If nothing else, Clary would have a good view. She and Helen had already decided where to place their chairs in the back of the Stanhope ballroom to oversee the festivities.
“She’ll be eager to see you, of that I’ve no doubt.” Sara blew into her cupped hands to warm them. While the sun had managed to break through the clouds midday, the evening had turned cold, and London’s hansom cabs offered meager shelter from the elements.
“You’ve forgotten your gloves again.” Gabe removed his own and passed them to his sister. A lifetime of counting gloves as a luxury meant that Sara often left hers behind. But they were good for hiding the scars on his knuckles, so Gabe rarely forgot his pair.
“Miss Morgan, I mean.”
“I know who you meant.” His sister was tenacious but rarely subtle.
“You don’t mention her much.”
Unfortunately, Sara took his failure to speak of Miss Morgan as a sign of his determination to avoid marriage. In fact, it was that Jane Morgan didn’t interest him in that way. Though he had no interest in admitting to his sister which woman did.
“Perhaps we should stop accepting every invitation we receive from Jane Morgan.”
She pivoted to face him in the carriage’s close confines. “She’s one of few friends we have. Thomas’s family is scattered around the countryside. Jane Morgan may very well turn out to be the only guest at our wedding.”
“You’re right, of course.” Mercy, he was a selfish bastard.
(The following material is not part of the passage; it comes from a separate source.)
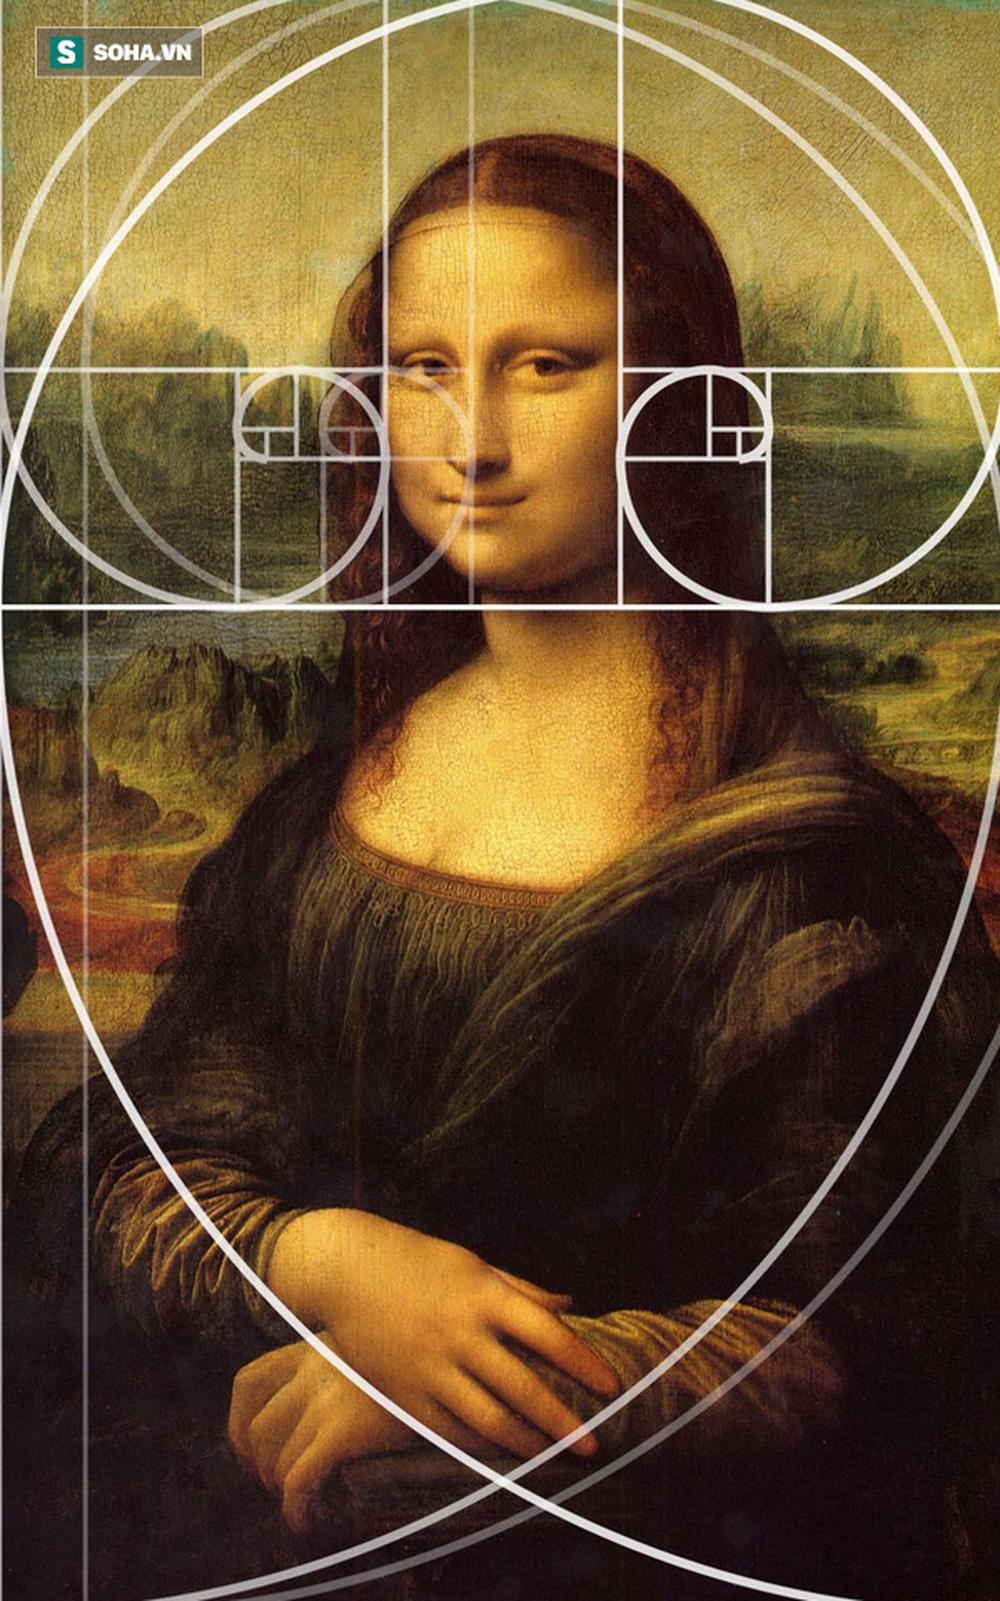 Con số kỳ diệu nhất vũ trụ: Sau hành trình 1000 năm phục hưng, nó khiến nhân loại phải kinh ngạc - Ảnh 6.

Because of the past, the secrets he needed to keep, he’d narrowed their lives to a few select interactions with people he believed he could trust. And it was a very short list. Miss Morgan and her father, when he was alive, and perhaps the Ruthvens and Thomas Tidwell, Sara’s betrothed. And, of course, Daughtry and his wife. Gabe and Sara joined the couple for supper at the pub around the corner from Ruthven’s once in a while.
She nudged him with her elbow and grinned. “Wish I had a sixpence for every time you tell me I’m right.” Shifting to reach into the pocket of her coat, she gazed over at him, wide-eyed, and added, “Seeing as how you’ve decided to accept all of Miss Morgan’s invitations, perhaps you should extend one to her in return.”
The envelope she placed in his hand had been sliced open, and the thick paper was covered with a ridiculously fancy script, full of useless loops and swirls. Among the decorative handwriting, he noted his name and their old address.
“You didn’t go back, did you?” They’d agreed to leave without notice, though they paid their landlord an additional sum to tell no one where they’d gone. So far, there’d been no more sightings of Rigg, and Sara was increasingly convinced she may have been mistaken in her identification of the man she saw.